We have all seen hashtags or tags giving another party a ‘shout out’ online. Likewise, we might share business’ posts to provide a small business with exposure to your individual social network.
Often these ‘tags’ or ‘shares’ are a sign of appreciation and support for a business, and why not contribute some free marketing for a product or service you genuinely like (influencers exempt)?
A trade mark provides the trade mark owner with the exclusive right to use their registered trade mark or instruct others as to how to use their registered trade marks.
So when does your social media activity cross the line into trade mark infringement?
If you are sharing a post online originally put up by the trade mark owner, this does not constitute infringement* (*our comments regarding copyright infringement below). When you are simply attributing a hashtag, or tagging a trade mark owner in a photo of a genuine product purchased from the trade mark owner this is also not considered trade mark infringement.
To establish infringement a trade mark owner needs to ascertain, that they are the owner of a current registered trade mark; and that you are using their trade mark, or a substantially identical or deceptively similar trade mark without their authority.
Possible trade mark infringement could include:
(a) attaching a trade mark logo to a fake product;
(b) changing a logo or registered trade mark and claiming it as your own;
(c) using registered trade marks in paid social media advertising as an illegal distributor; or
(d) having a user name that incorporates a registered trade marks.
Facebook, Instagram and Twitter provide avenues of complaint for trade mark infringement by way of a prescribed form on their websites when an owner is asserting infringement.
For a third party to be successful in blocking or removing your use (and potentially suspending your account) via Facebook, Instagram and Twitter, they are required to provide details of their intellectual property rights and evidence of the infringing conduct.
Facebook, Instagram and Twitter by no means adjudicate a dispute, however if your account was suspended, you would need to apply to Facebook, Instagram or Twitter to have your account reinstated and state you will no longer infringe the relevant party’s intellectual property.

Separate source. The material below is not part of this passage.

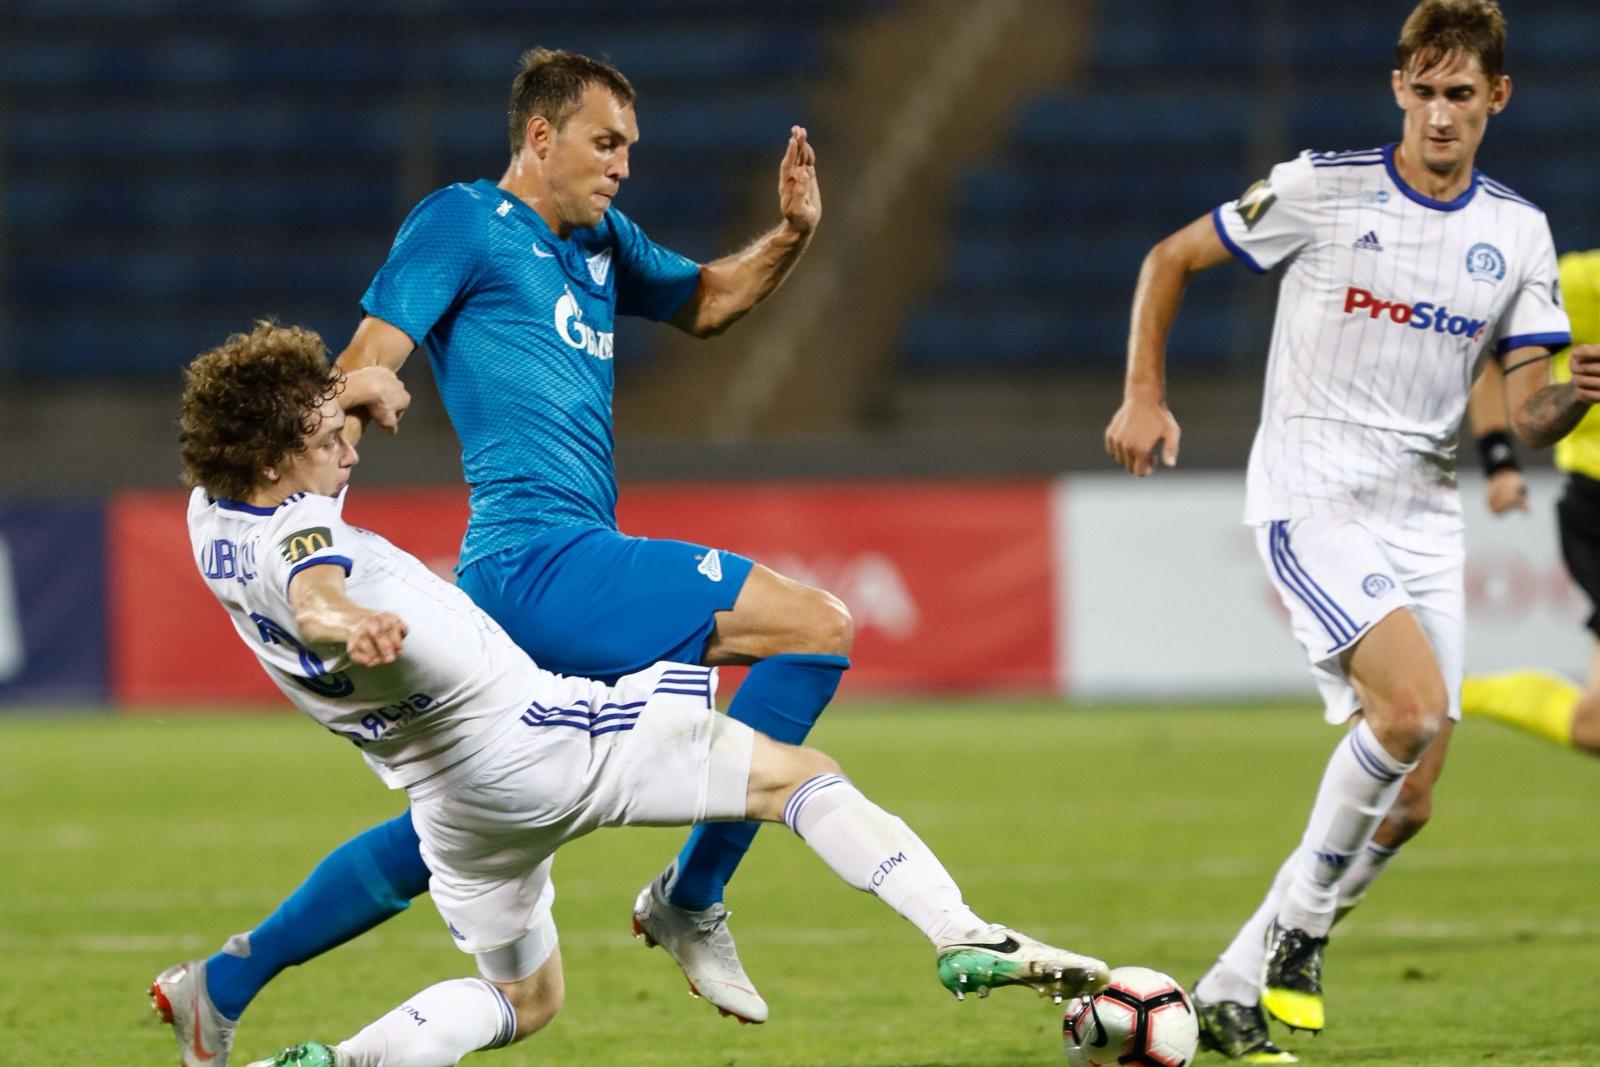 Maksim Shvetsov in Aktion. Jetzt auf Dinamo Minsk vs FK Minsk wetten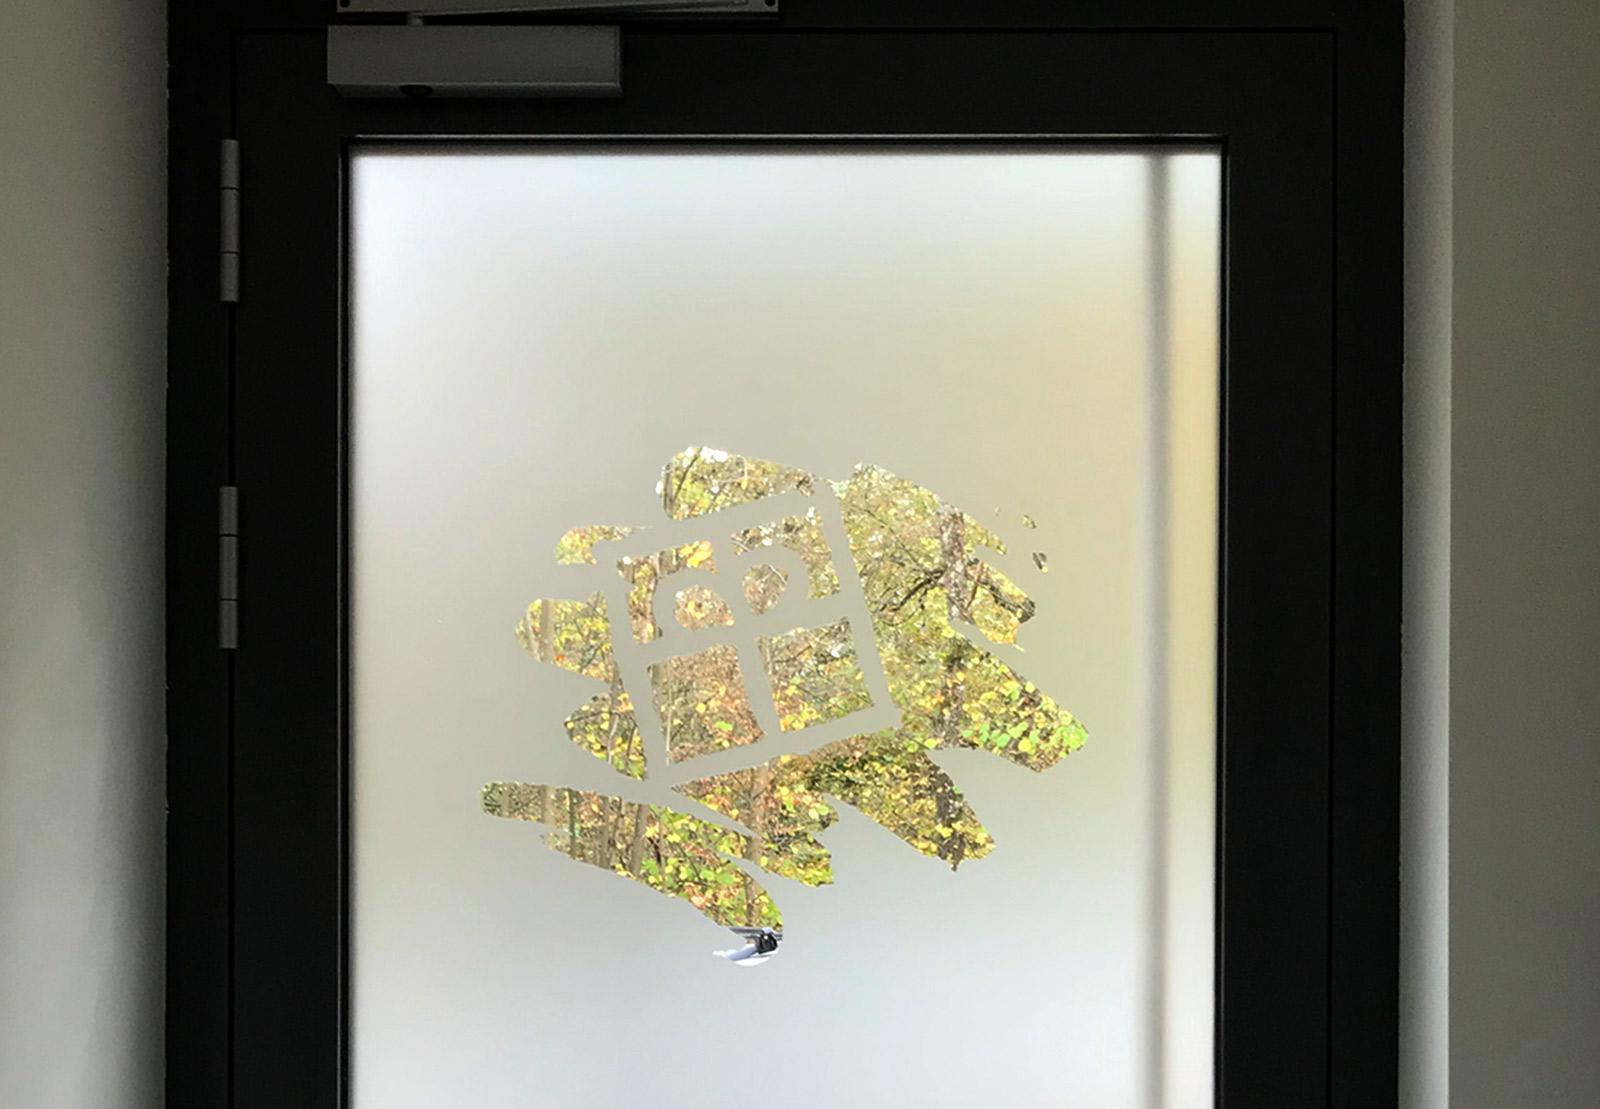 Auschnitt einer Hauseingangstüre von innen. Das Glas der Türe ist foliert mit negativ ausgeschnittenem Logo der Diakonie

In addition, infringing conduct could invite a trade mark owner to issue a cease and desist letter, which could be the first step in court proceedings.
Courts can issue injunctions against infringing behaviour and award damages, depending on the extent of the trade mark infringement. In addition, and as one would expect, enforcing infringement through a Court can incur significant legal fees for both Applicant and Respondent. Where possible, settlement or agreement outside the court room is desirable and asking for legal assistance in these negotiations is highly recommended.
Copyright is not able to be registered in Australia. Copyright automatically attaches to text, images and music under the Copyright Act 1968 (Cth). The categories of protected copyright material include textual material, computer programs, compilations, artistic works, dramatic works, musical works, cinematograph films, sound recordings, broadcasts.
Under the Copyright Act 1968 (Cth) you have an obligation to credit the author when you use their work, unless the author has agreed not to be credited, or it is not ‘reasonable’ to credit them.
When posting online, beware of using other people’s material and when in doubt, ask for permission in advance.